Halima Kazem, an American Afghan journalist and expert on Afghan affairs, said the American invasion of Iraq in 2004 left Afghanistan as a “fragile state.”
“When I was living in Afghanistan, we as journalists could definitely see the changes in those years, especially leading up to the US invasion in Iraq,” Kazem said.
“I remember when that happened in 2004. The country was in a fragile, vulnerable state and the work was far from being done.”
Kazem said the US invasion of Iraq 16 years ago left the door open for the Taliban to make a comeback into Afghanistan.
Scenes from the Kabul airport last week showed crowds racing towards American aircraft about to take off, while others desperately tried to climb on the wings or shoved their way up a staircase.
The number of people that want to leave the country is still increasing. There are a reported 2.2 million Afghan refugees already in neighboring countries while 3.5 million people are homeless at the border due to the crisis.
Farzana Nabi, an American Afghan expert who worked with the US Army for a decade, said she can sum up what happened in Afghanistan to four main points: hubris, political failures, military missteps, and the failure to learn from history.
“The US thought that state-building would be the best approach,” Nabi said. “It was a western model of democracy which failed to account for the reality of a country of people who do not necessarily identify along the national lines.”
During an interview on the “Bridge” show hosted by Sahar Khamis and broadcast on the US Arab Radio Network, Nabi said the Afghan government and army lacked a coherent strategy after the US withdrawal.

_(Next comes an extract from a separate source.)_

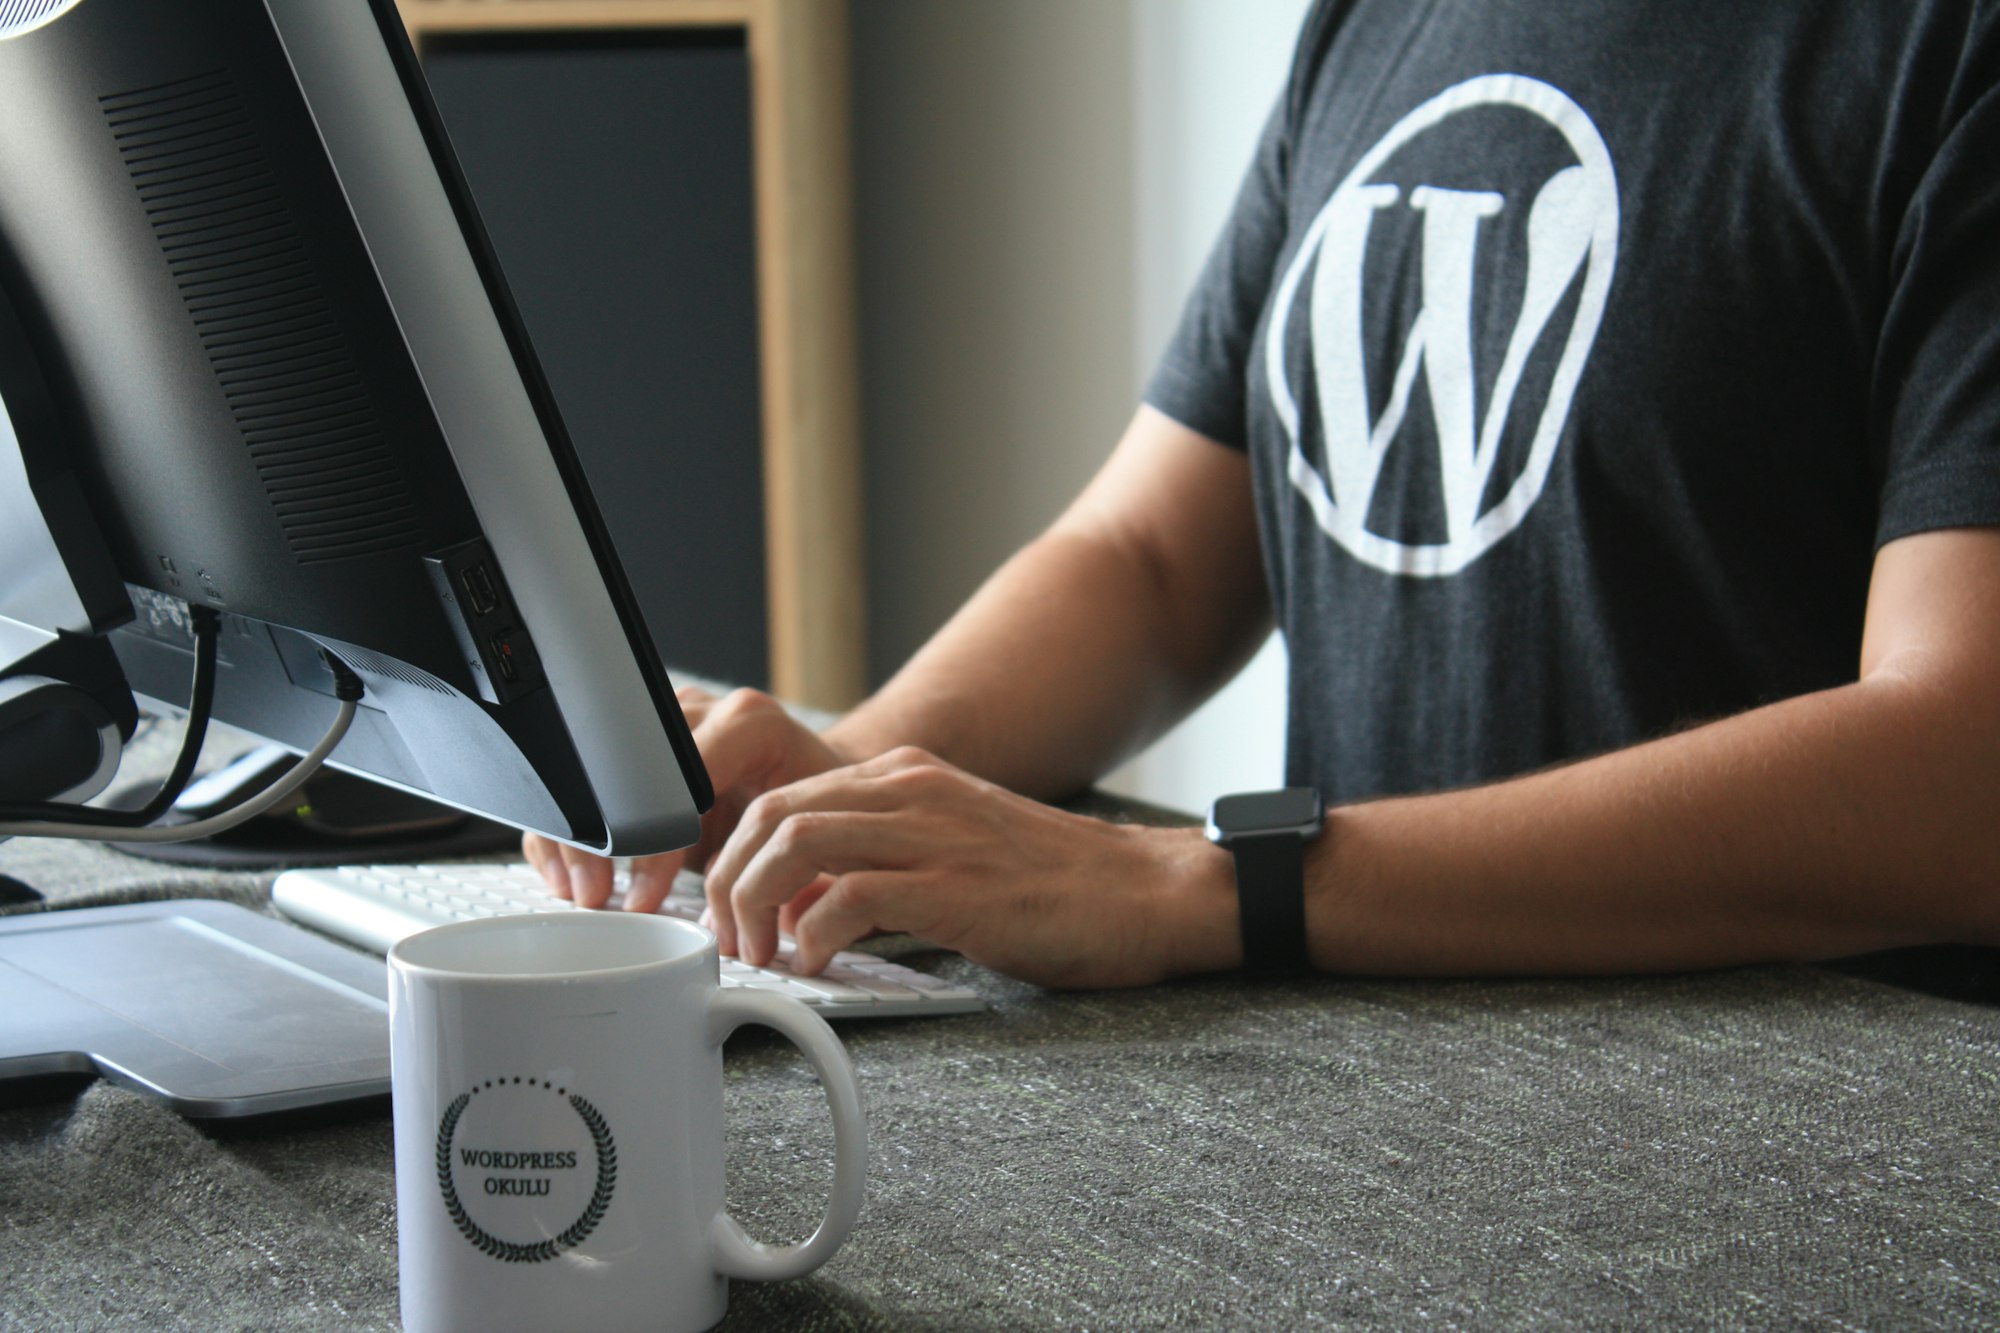 Обмен данными Wordpress - WooCommerce и 1C Предприятие

All of that despite extensive support during the past two decades from the US military that included training more than 300,000 fighters and more than 3.3 billion dollars in funding.
“The US underestimated the people in Afghanistan and thought of them as backward people who were ill-equipped and did not have the capacity to take down a superpower like itself,” Nabi said.
“We took our eye off of Afghanistan at the time we became very much engaged in Iraq, and I think that is where we left this vacuum that they started to fill.”
Kazem agreed that the Americans made many miscalculations: “And I am not alone in that assessment.”
Kazem said the humanitarian crisis has become more complicated by last week’s suicide bombing that killed 73 people, including 13 US service members, and left hundreds wounded. Despite the US administration’s commitment to a smooth exodus, there are still Americans and Afghan allies trapped with no access to the airport.
“I have actually been contacted by two interpreters whom I worked with back in 2012 who are both begging me to get in touch with whomever I can at the state department to help them out,” Kazem said. “It is heart-wrenching because you feel like your hands are tied.”
Nabi called the situation in Afghanistan “scary,” as she believes the Taliban is only sharing what information it wants to share with the international community.
On the other hand, Halima said the confusion at the airport in Kabul and the large number of people wanting to leave choked the process. She said it could have been avoided if the US government had processed the visa applications for Afghans who worked as translators or interpreters for the US government and military.
“The army did not have a plan to secure the airport,” Halima said. “I do not know if they could predict what would happen. They did not think it would escalate so quickly.”